• [ASSIGNED TASK]:
Please reproduce the data exactly, though every picture must stay out.

• [RECORDED DATA]:
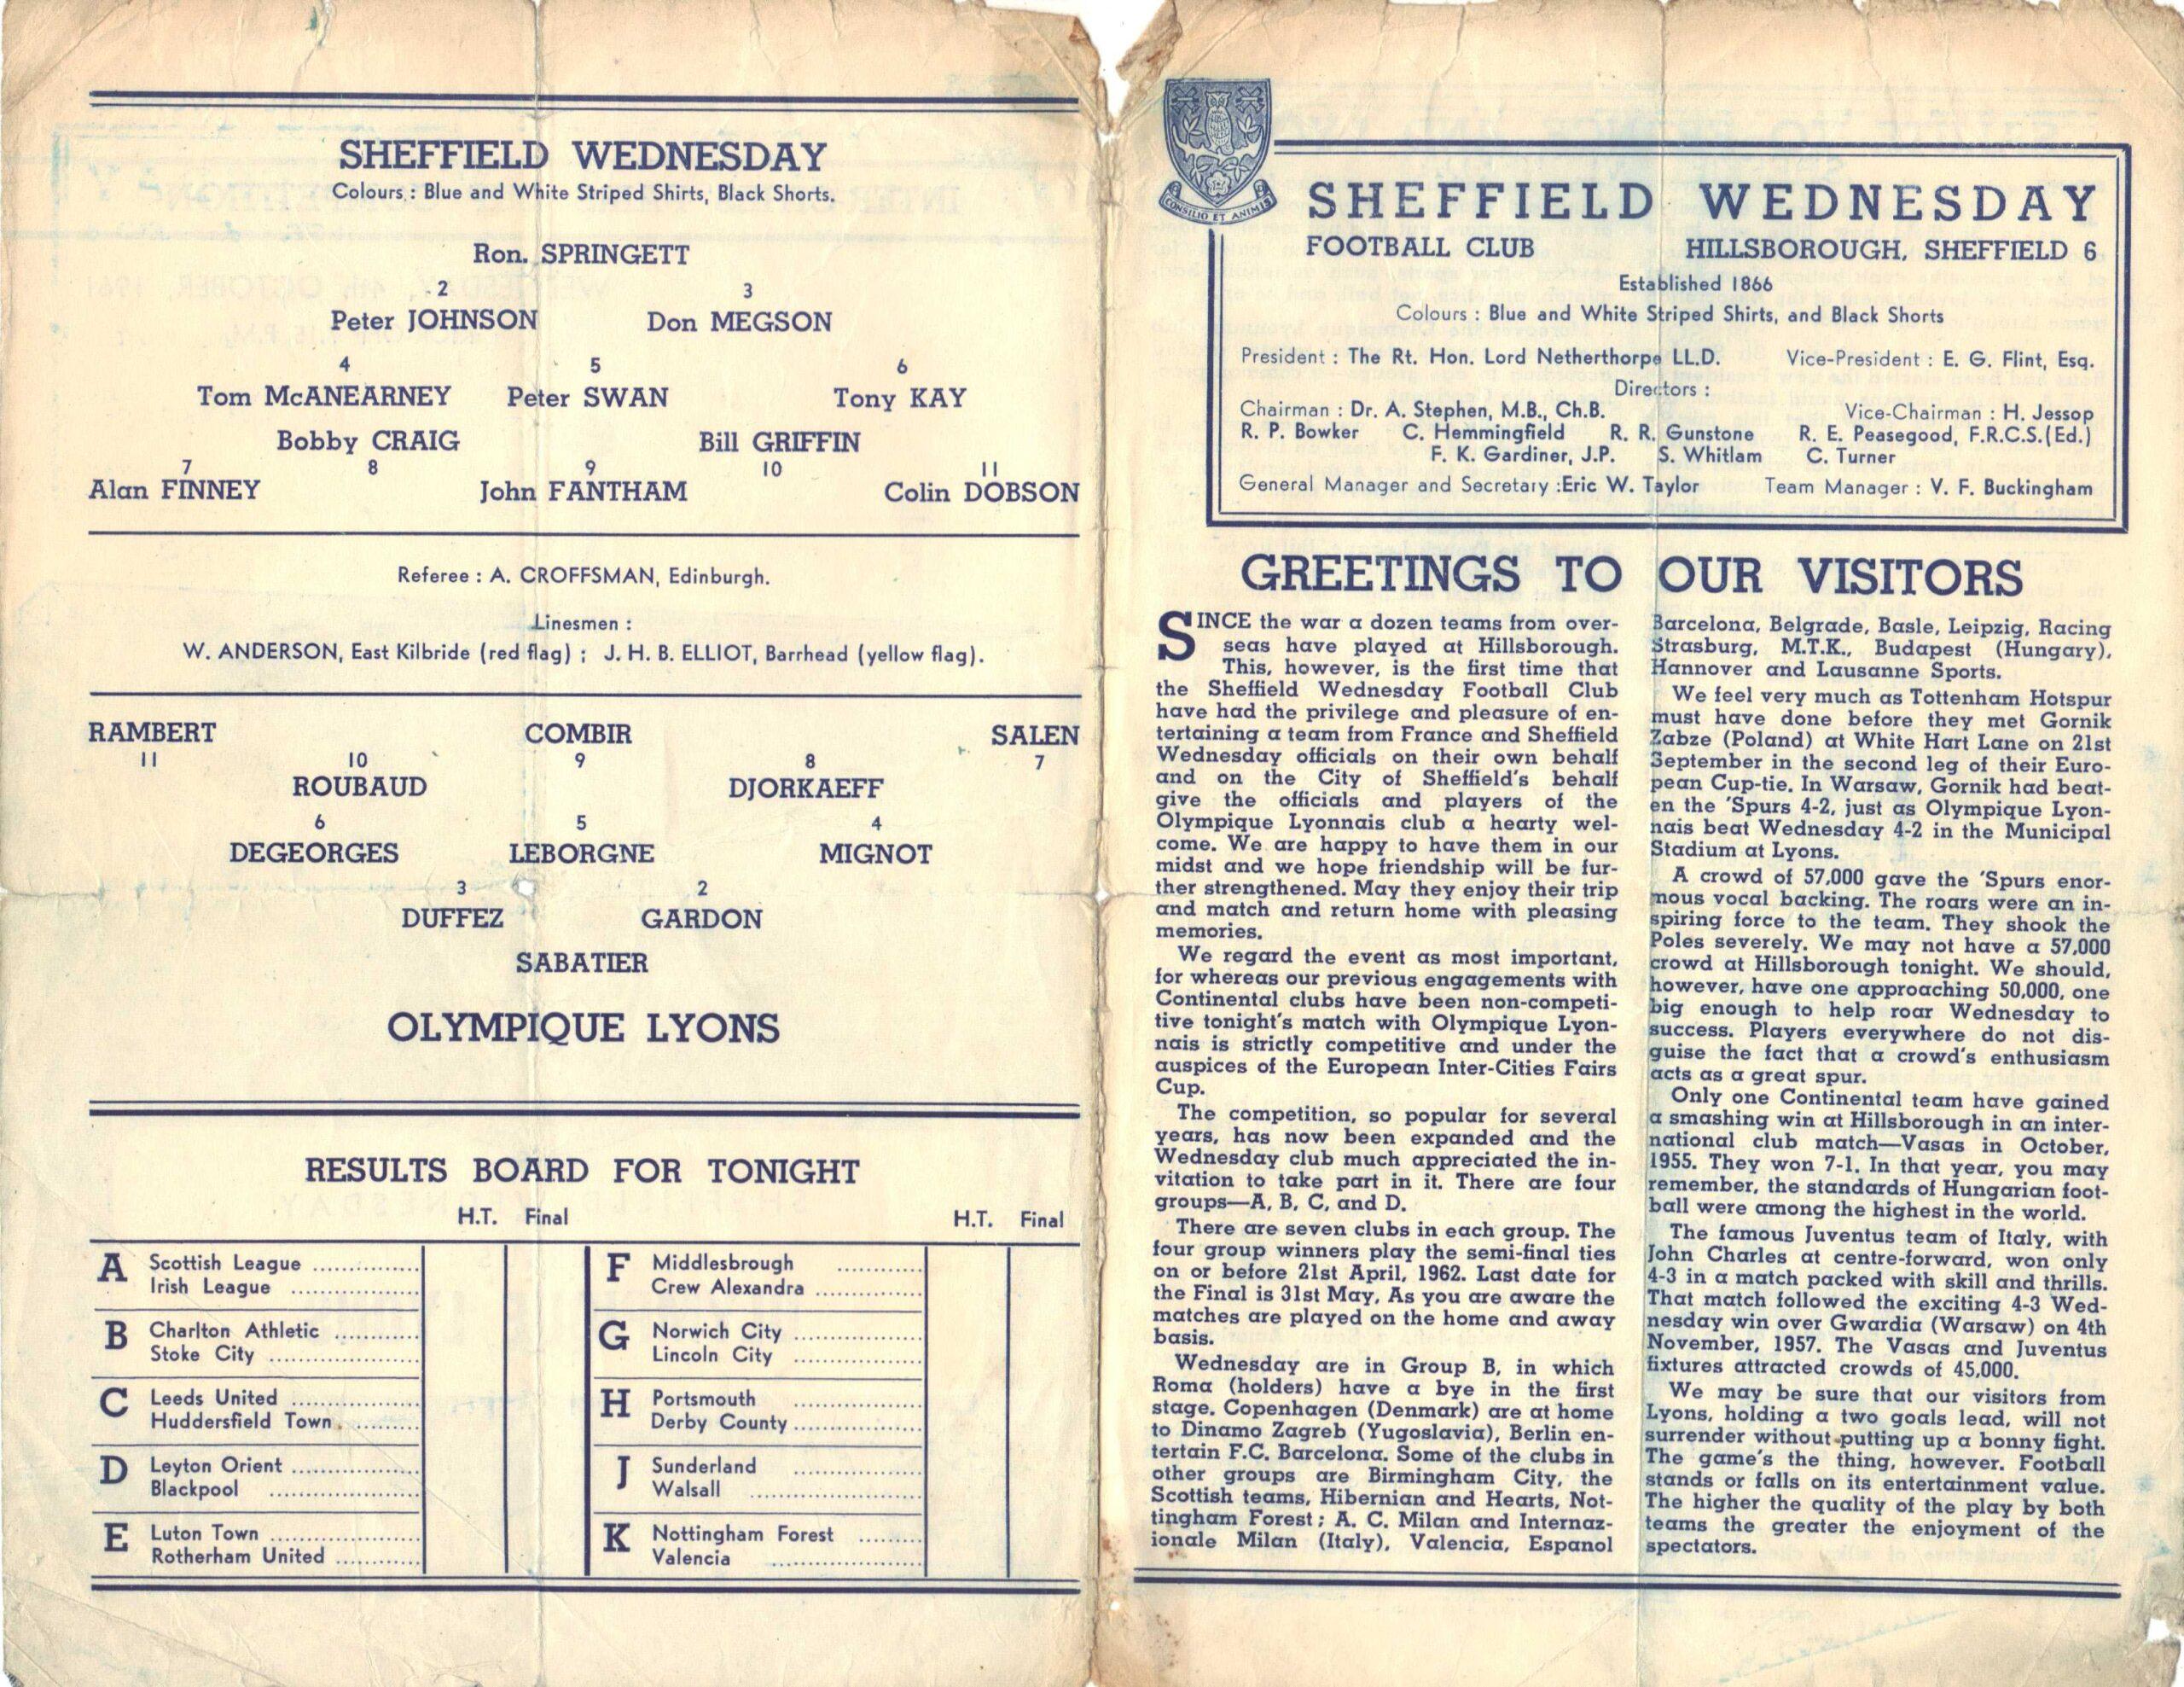 Sheffield Wednesday v Lyon teams page in match programme
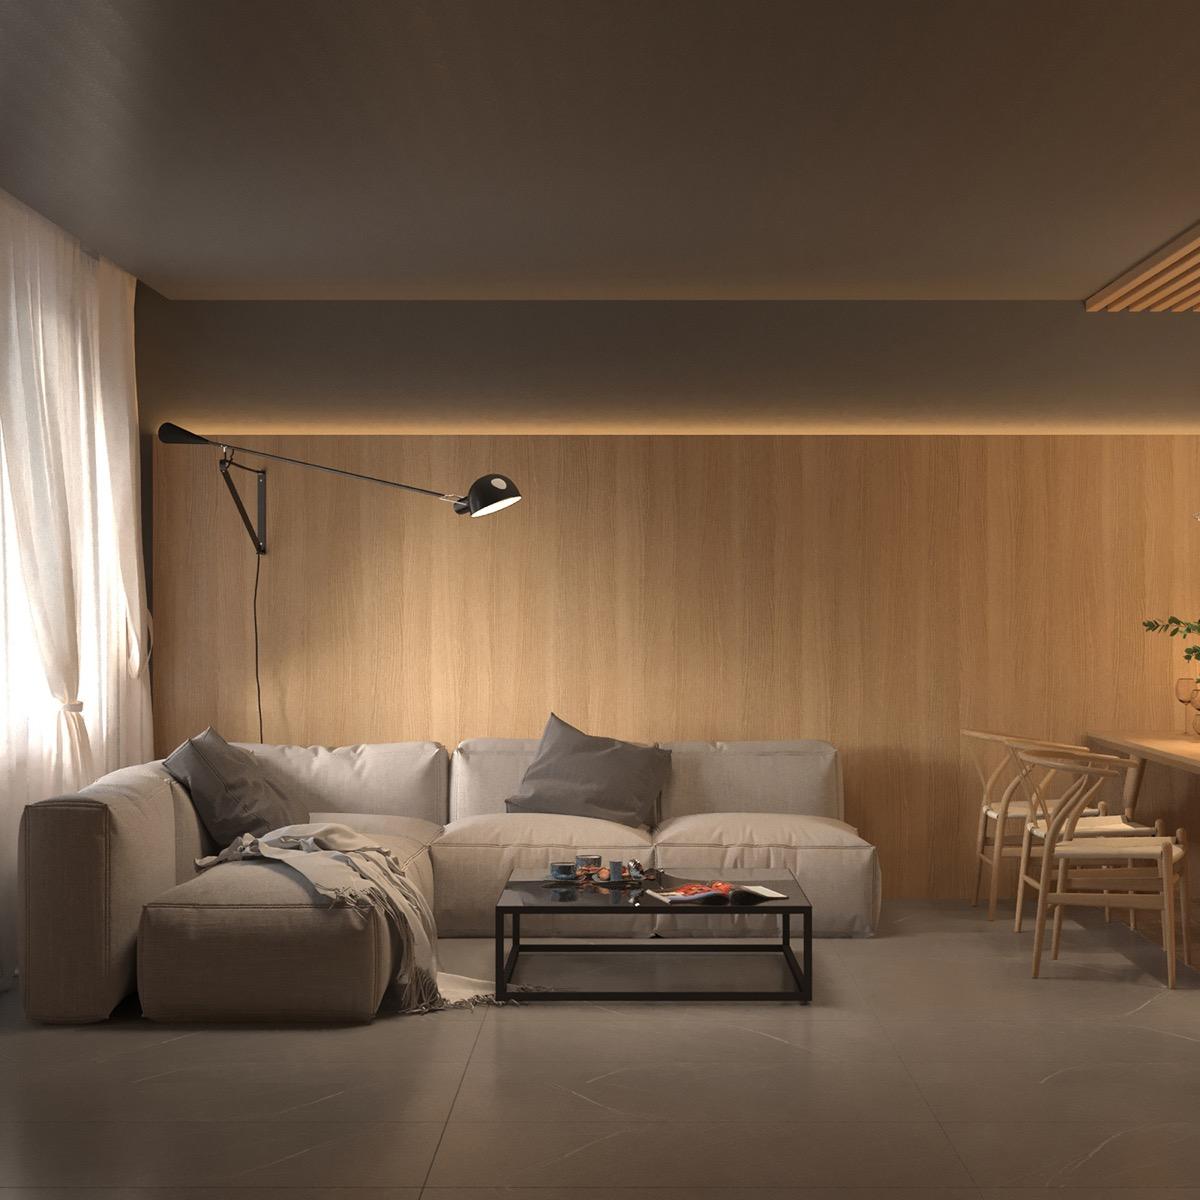 Warm Interior Design With A Soft Lighting Scheme
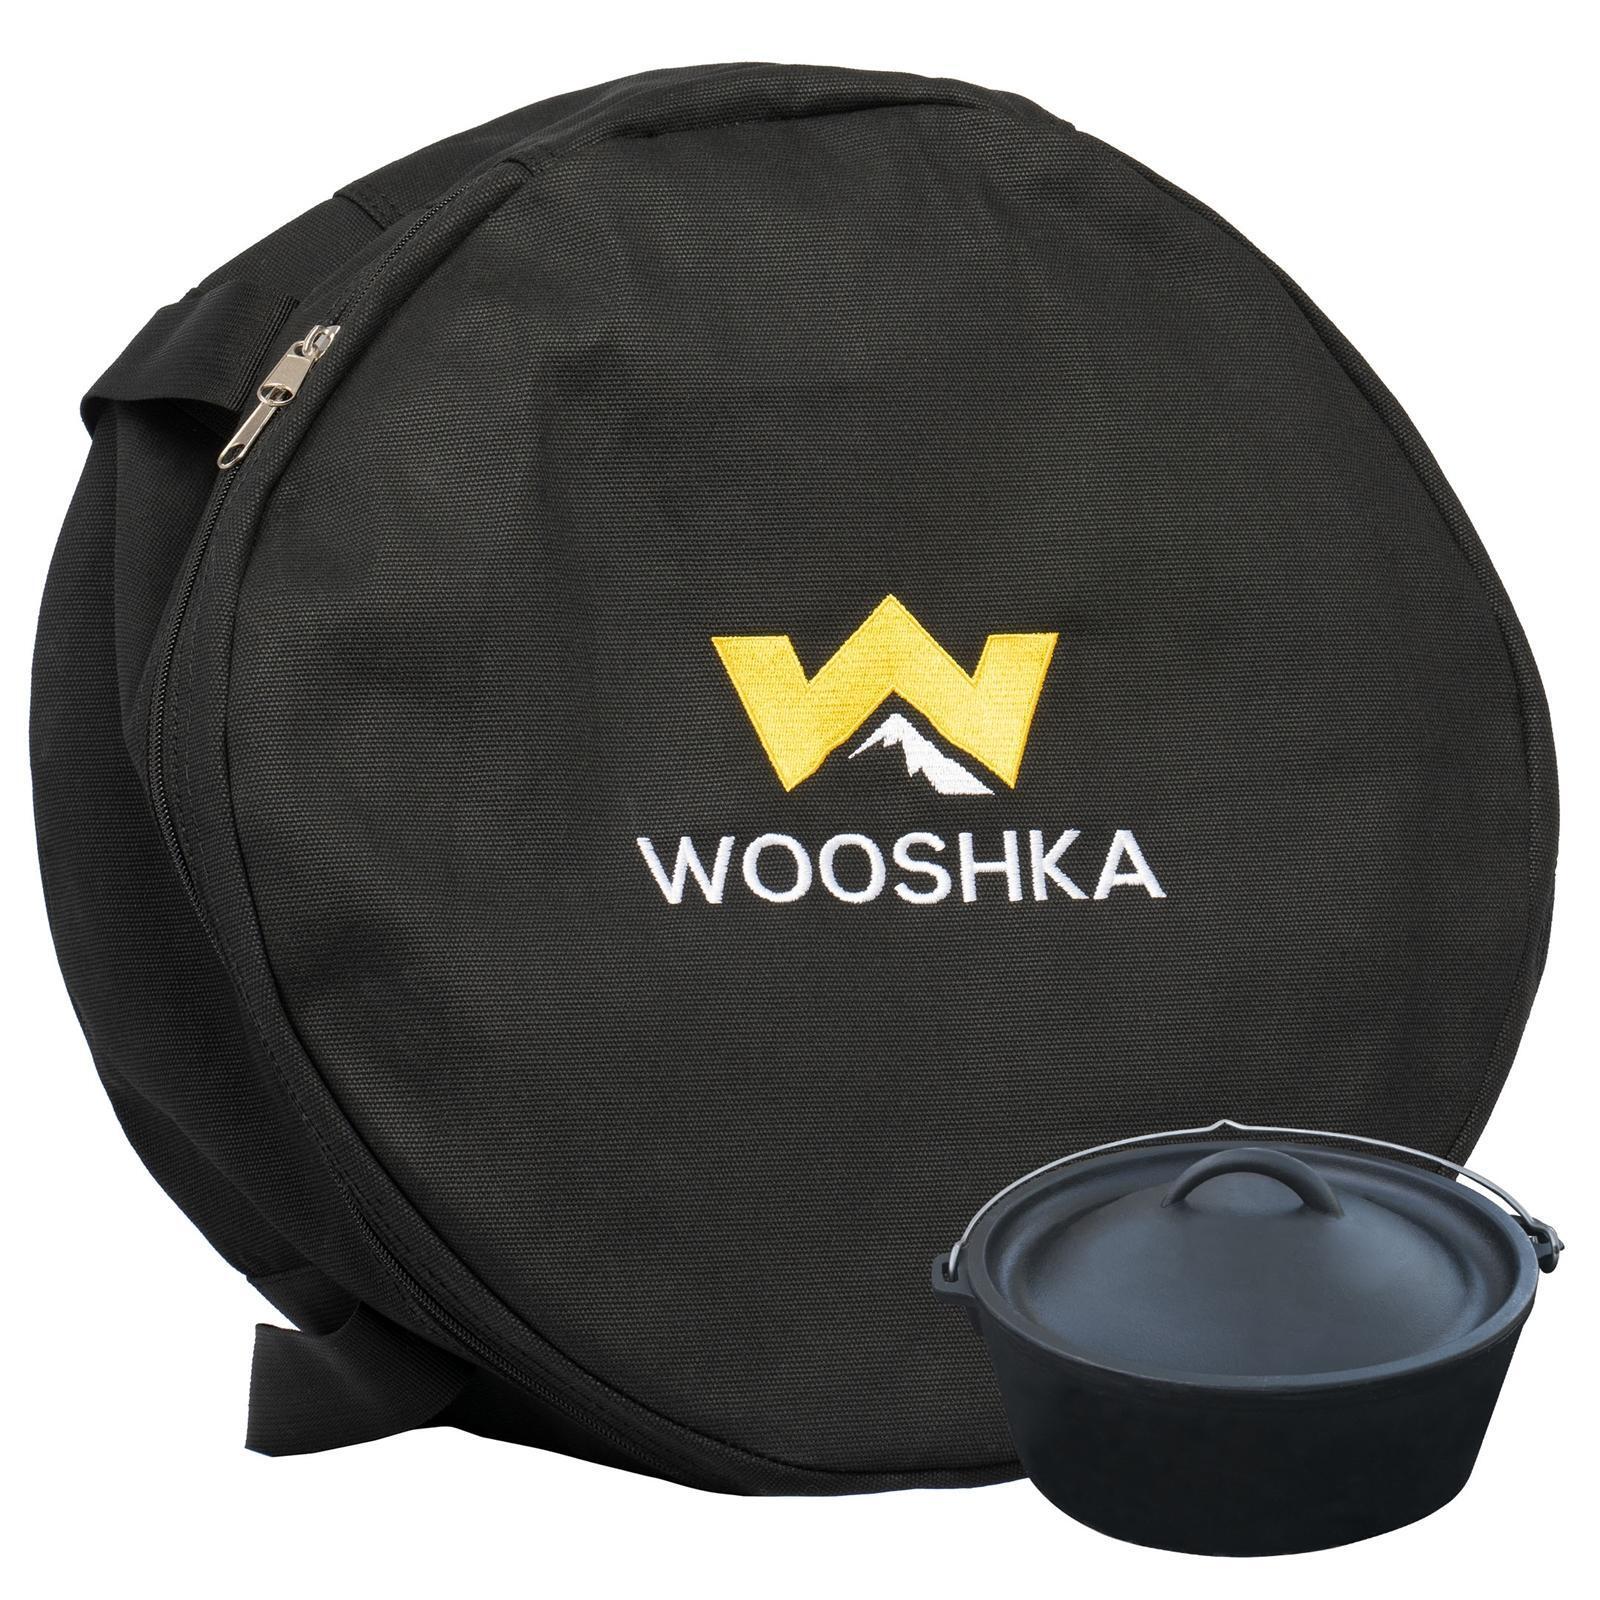 Wooshka Dutch Oven Bag

• [WRITTEN RESPONSE]:
 Sheffield Wednesday v Lyon teams page in match programme
 Warm Interior Design With A Soft Lighting Scheme
 Wooshka Dutch Oven Bag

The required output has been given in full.